§ **EXTRACTED INFORMATION**
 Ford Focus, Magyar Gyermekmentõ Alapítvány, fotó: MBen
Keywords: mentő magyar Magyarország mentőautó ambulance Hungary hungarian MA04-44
* * *
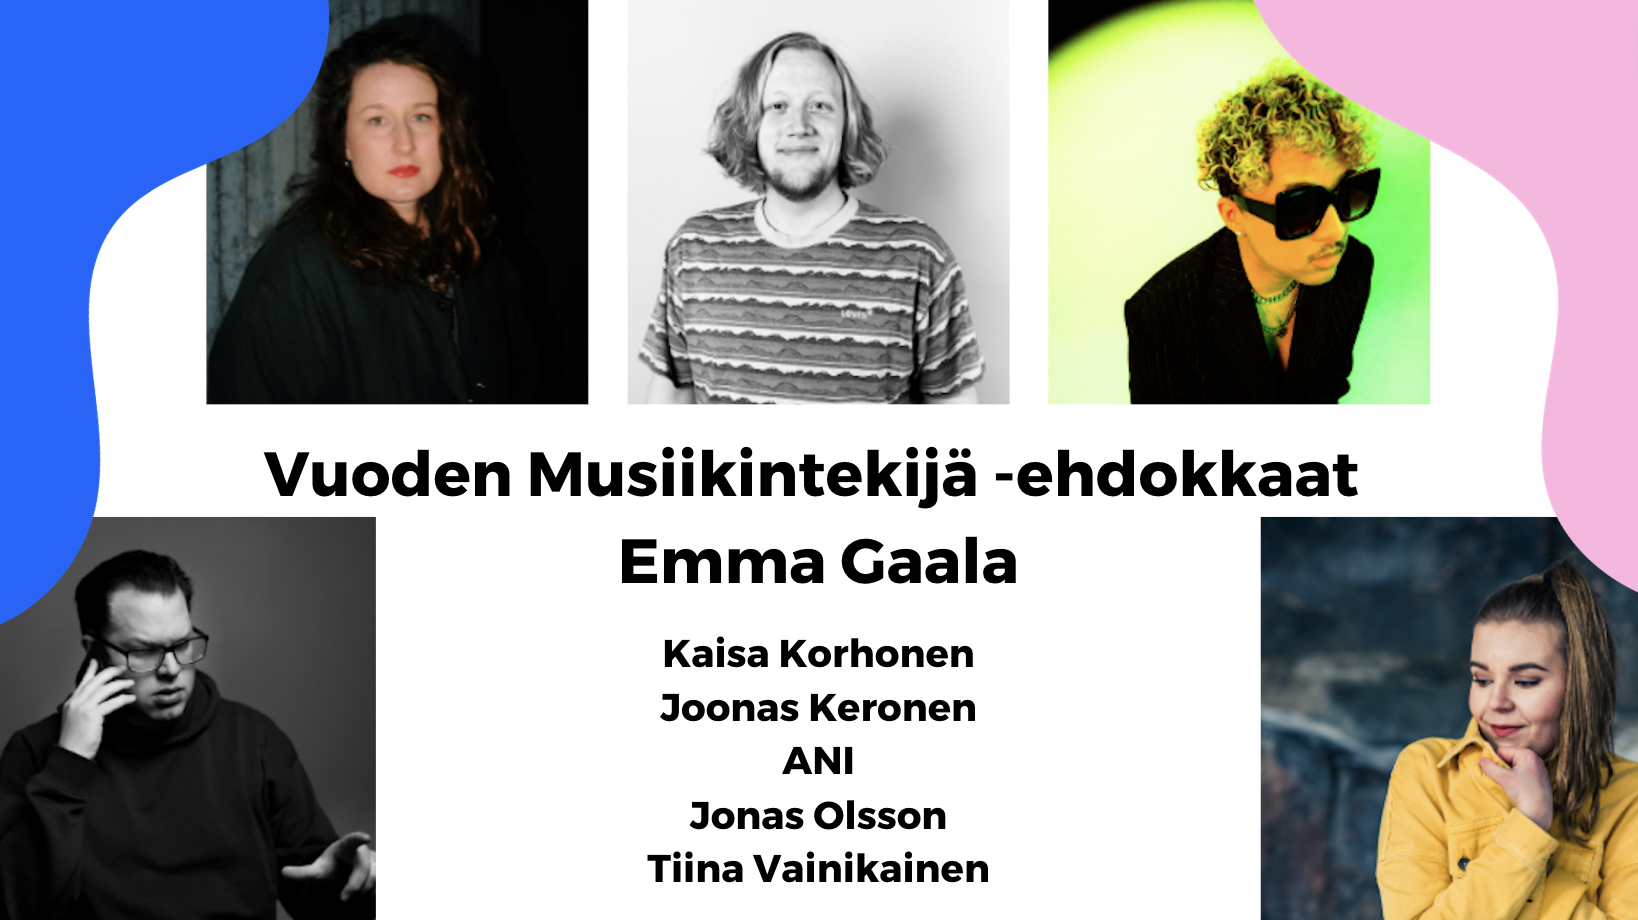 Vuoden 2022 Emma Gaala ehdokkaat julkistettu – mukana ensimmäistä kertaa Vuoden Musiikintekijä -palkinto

§ **EXERCISE DIRECTIONS**
Restate word for word the entries above from the line with "Ford Focus, Magyar" through the line with "Keywords: mentő magyar", inclusive, leaving out everything else.

§ **ANSWER**
 Ford Focus, Magyar Gyermekmentõ Alapítvány, fotó: MBen
Keywords: mentő magyar Magyarország mentőautó ambulance Hungary hungarian MA04-44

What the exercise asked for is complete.